「竜馬がゆく」で坂本竜馬が絶命する場面。「惜しむように」が「惜しげもなく」に書き直されていた=23日、大阪府東大阪市の司馬遼太郎記念館、上田潤撮影
作家の司馬遼太郎(1923~96)の代表作「竜馬がゆく」最終回と「坂の上の雲」第1回の自筆原稿が見つかった。司馬遼太郎記念館(大阪府東大阪市)が23日、発表した。どちらも存在しないと思われていた原稿で、推敲(すいこう)の跡から司馬の作品への思いが伝わってくる貴重な発見だ。
「竜馬がゆく」は62~66年、「坂の上の雲」は68~72年、いずれも産経新聞に連載された司馬の代表作。「竜馬」は連載5回分23枚、「坂の上」は連載6回分24枚、400字詰め原稿用紙で計47枚が見つかった。東京の古書店から連絡を受けた記念館が鑑定し、今月はじめに買い取った。

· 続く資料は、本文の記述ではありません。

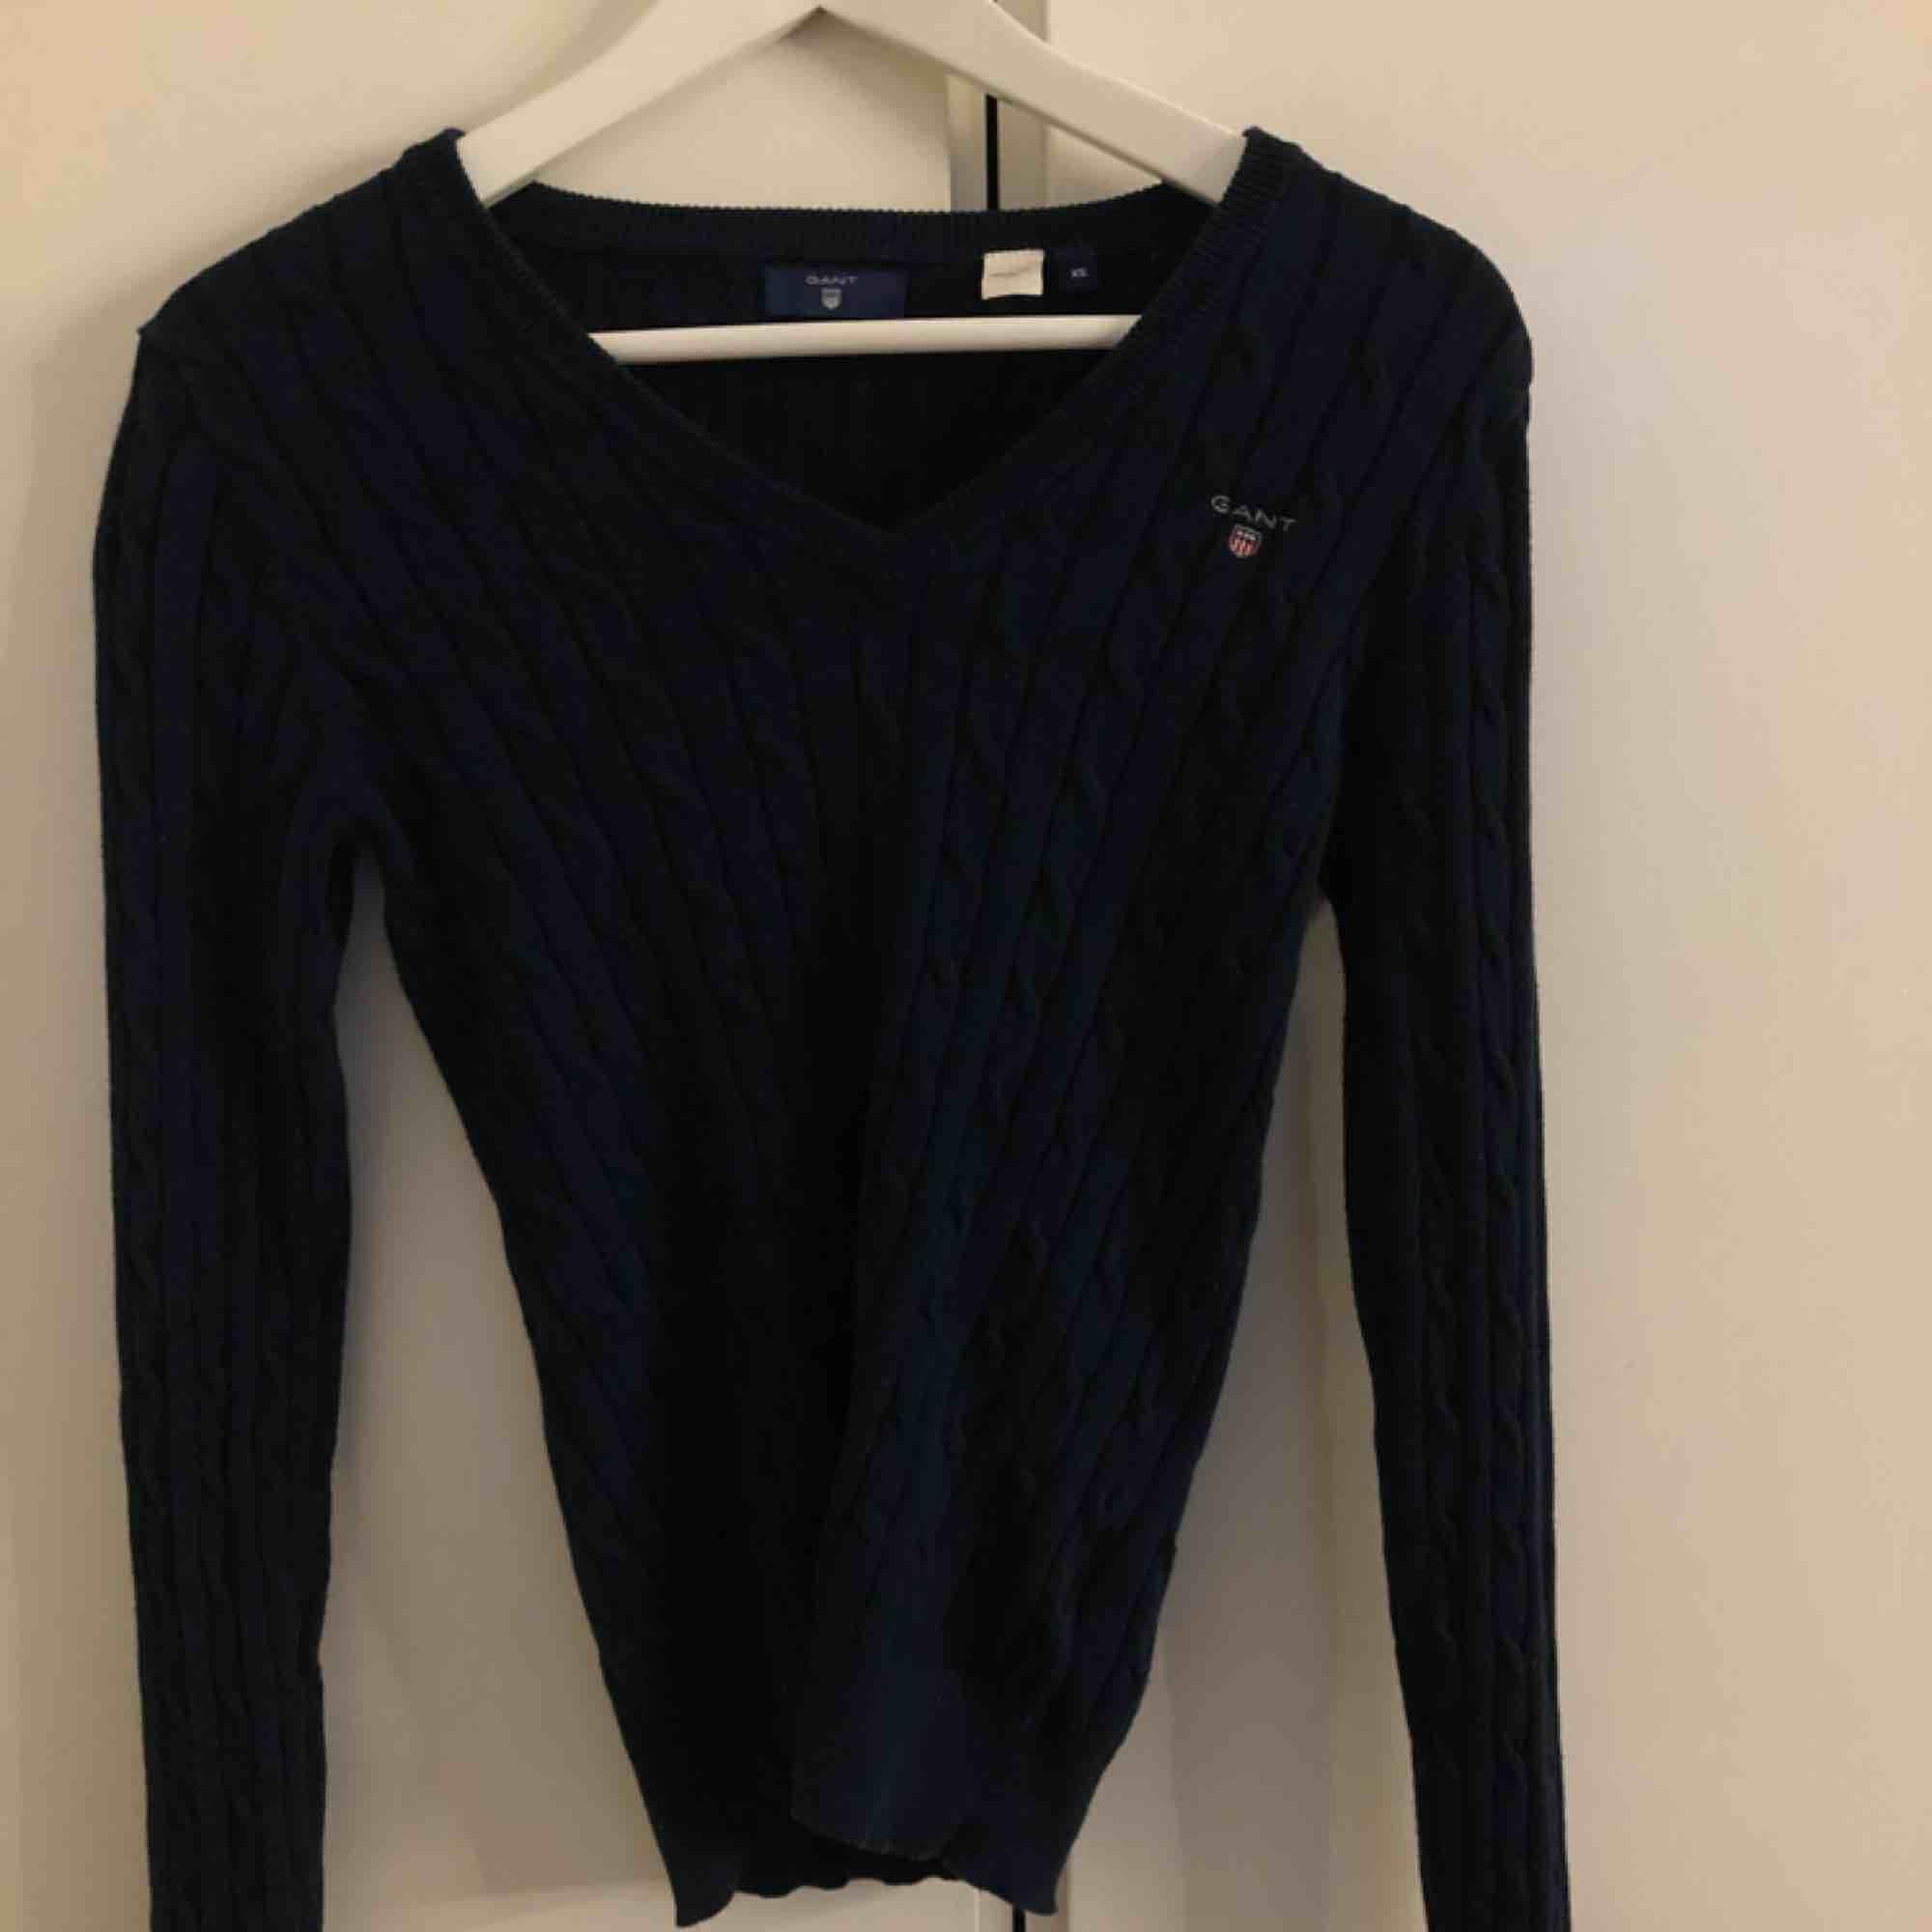 En kabellstickad Gant tröja, använd endast 1 gång. . Tröjor & Koftor.

「竜馬」の自筆原稿が見つかったのは初めて。ラストシーンの「天が、(略)その使命がおわったとき惜しげもなく天へ召しかえした」という、作品の坂本竜馬像を象徴する部分が含まれている。激しく手を入れた跡が残っており、最初に「天はその若者を惜しむように召しかえした」と書いた後、「惜しげもなく」と、竜馬像がより印象的に伝わるような修正がされていた。
「坂の上」の原稿には有名な書き出しの「まことに小さな国が、開化期をむかえようとしている」が記されている。自筆原稿の大半は日本近代文学館に寄贈されているが、欠落があり、冒頭は失われたと思われていた。加えて、文学館にも保存されている第28回(4枚)の別原稿が見つかった。表紙に「ボツ」と書き込みがあり、軍艦の名前を間違えたことから、書き直して差し替えたと見られる。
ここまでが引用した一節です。